Emile Delobre's Biography
Emile Victor Delobre (1873-1956) was born in Paris, France. At age 14, he was already enrolled in the Ecole des Decoratifs; by 17 he was studying at the Beaux-Arts. There he was instructed and inspired by the remarkable Gustave Moreau, among others. His fellow-classmates included: Matisse, Marquet, Roualt, Dufy, Manguin.

Mentioned in the Benezit, the French encyclopedia of great painters, he was the recipient of prizes at the Beaux-Arts; and later was acclaimed when he chose to exhibit at the Paris Salons. According to Christopher Wright, art historian, author and writer for the Los Angeles Times, Emile was "an accomplished painter." Wright attributes La Tours' The Fortune Teller, a painting acquired for $650,000 by the Metropolitan Museum in New York, to Emile Delobre. Nathan Wildenstein "found" him while "...he was in the Louvre, copying a picture with his accustomed skill and accuracy...(Wildenstein) was so impressed that, then and there, he asked Delobre to come to work for him." Delobre worked at Wildenstein's gallery as a consultant-restorer until he retired at 72.

A prolific artist of the Impressionist School, Emile Delobre's quest for the interesting landscape often took him to the countryside of France: Normandy, with its fishing villages and orchards; the Loire Valley, with its rolling rivers; and the south of France with its sunny beaches. He also traveled outside the country to Italy, Holland and Tunisia which inspired many of his paintings.

Delobre's many portraits of his family, with whom he lived his whole life, include his sisters, parents and nephew whom he raised. Here we find the intimacy and affection reflective of a gentle and harmonious life. His revealing, yet mysterious self-portraits, provide the viewer with a pictorial chronology of himself through the years until his old age. And his vast repertoire of classically posed nudes are all painted with a reverence for the beautiful.

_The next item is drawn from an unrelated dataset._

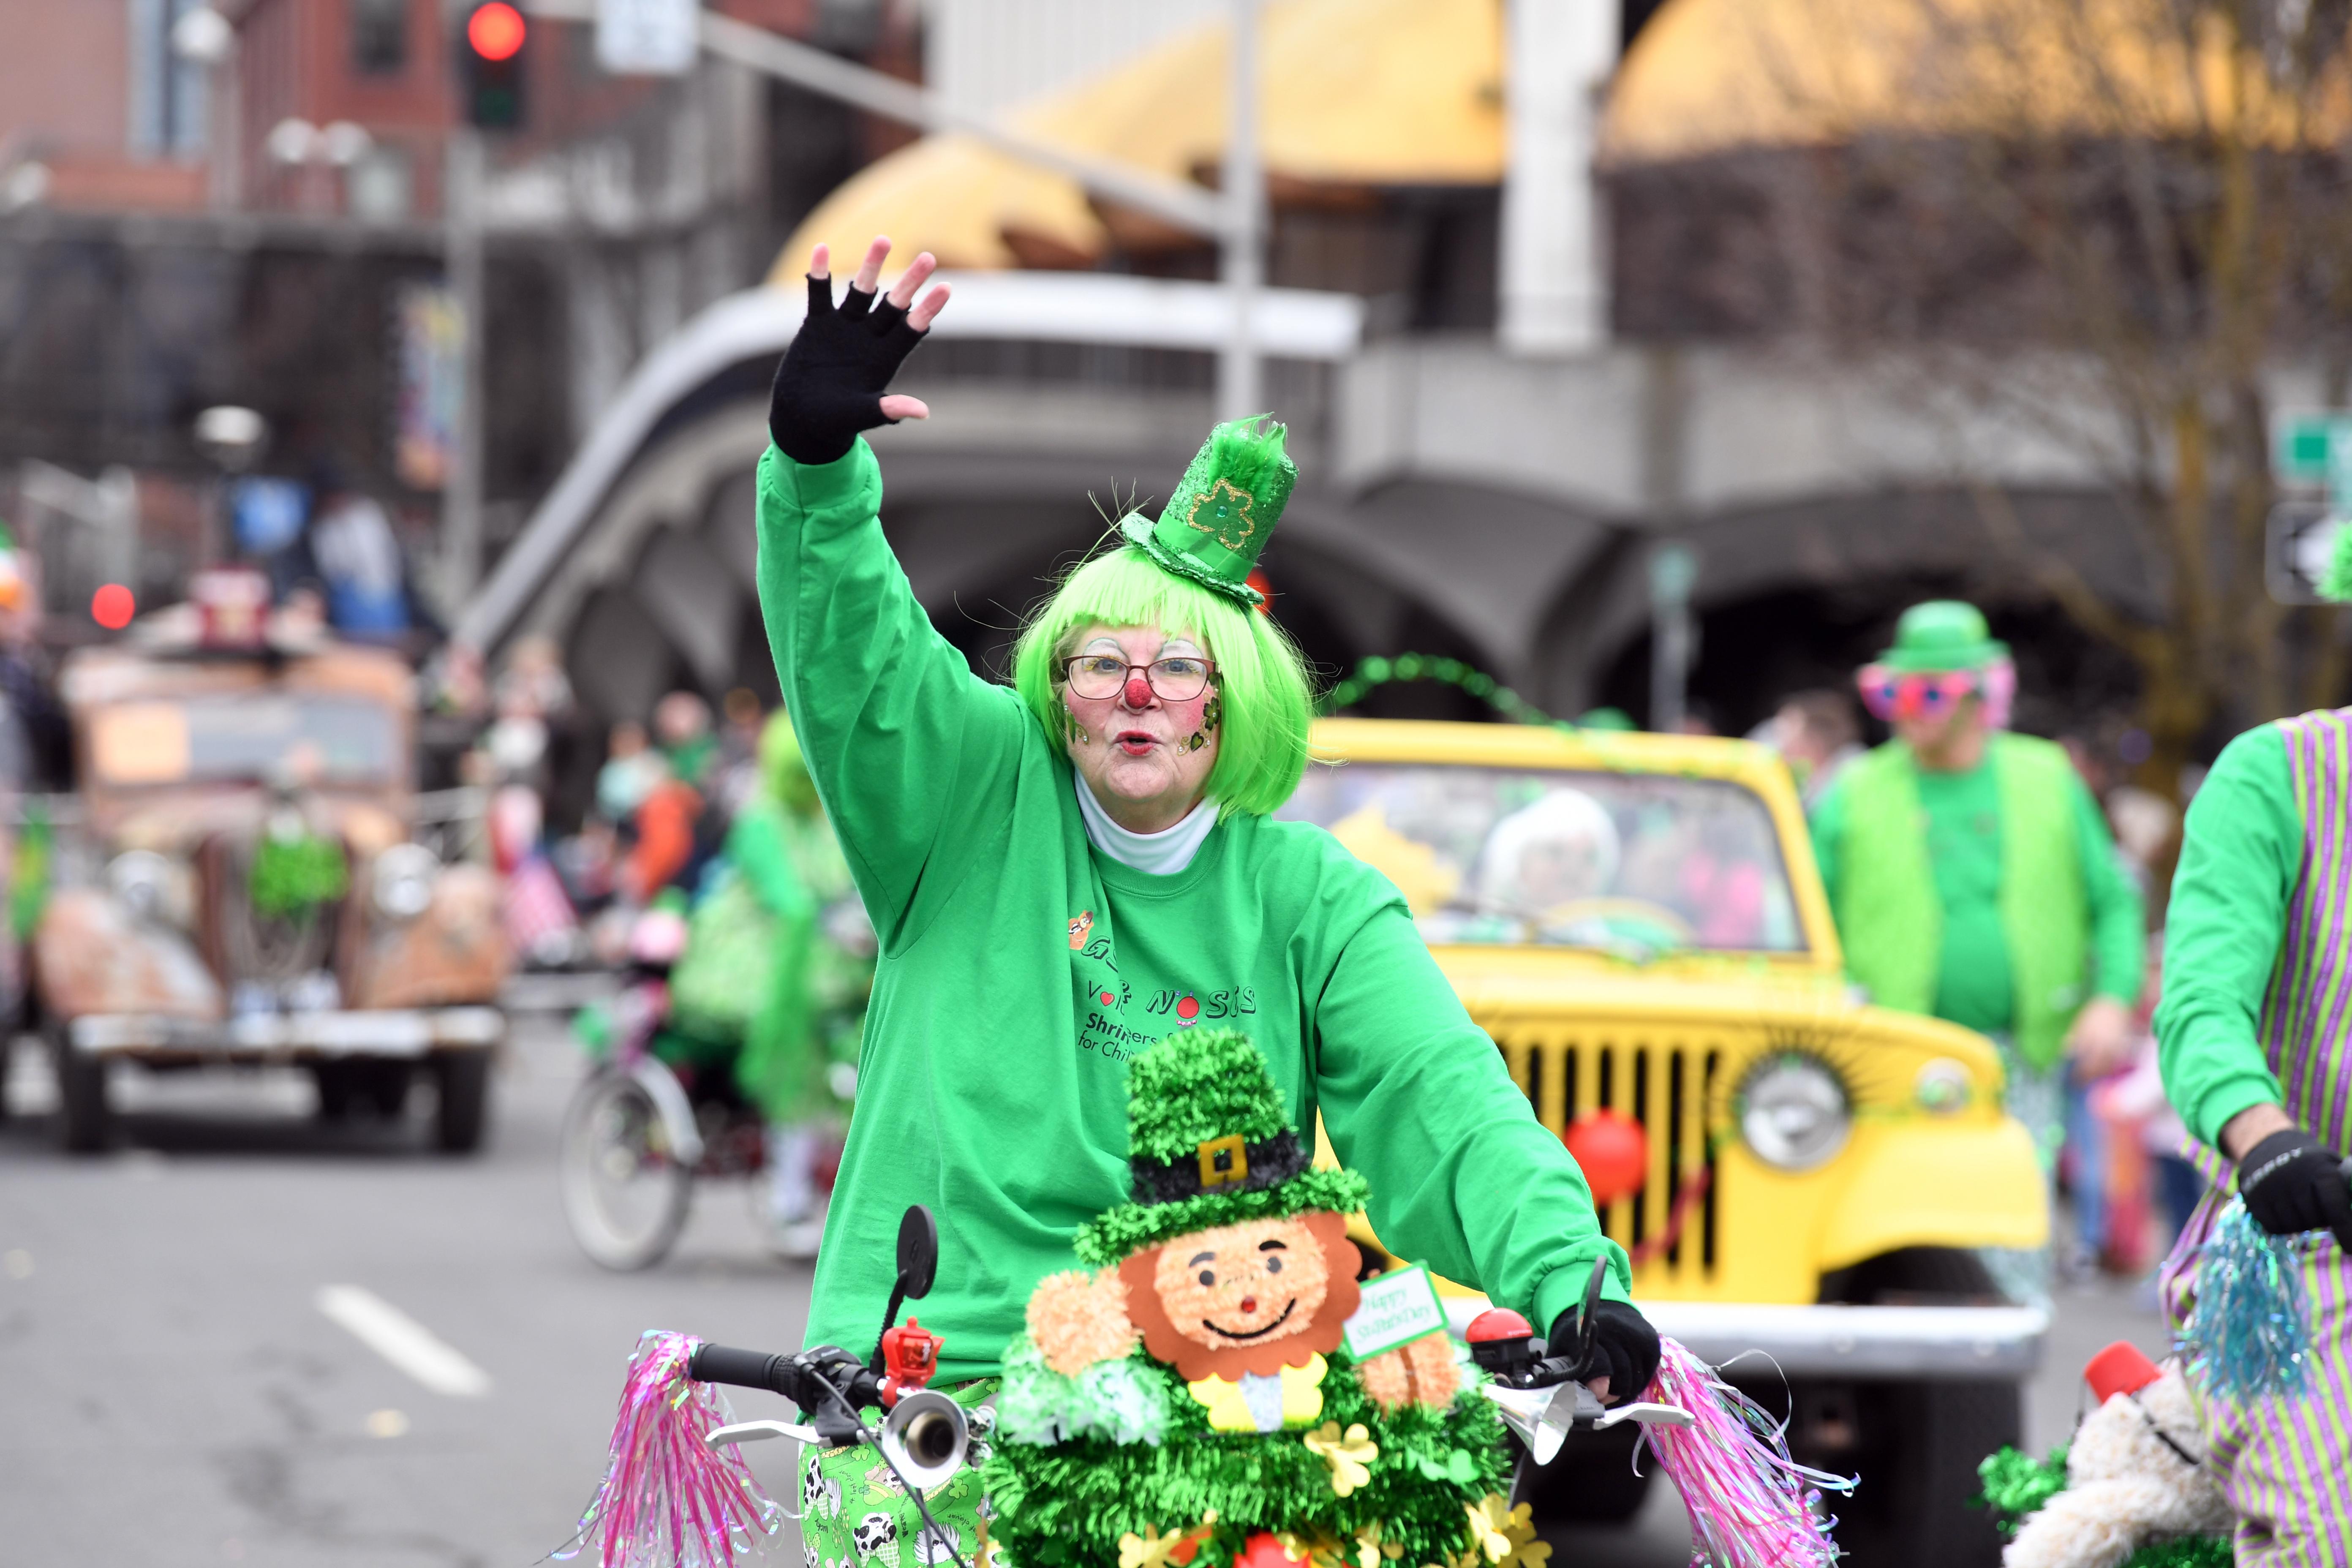 St. Patrick's Day Parade Clipart / Happy St. Patrick's Day to one and all ! Democratic A

Emile Delobre lived a modest life. Perhaps, overshadowed by the artistic giants of his age, he comes to us to be rediscovered as a painter of great sensitivity and grace. His purpose in painting seems not to have been to revolutionize art, but rather, to reaffirm it as the representation of all that man finds beautiful and inspiring. As Emile Delobre emerges from obscurity, we find a master of the impressionist technique, committed to the traditions of art and devoted to the expression of universal sentiment.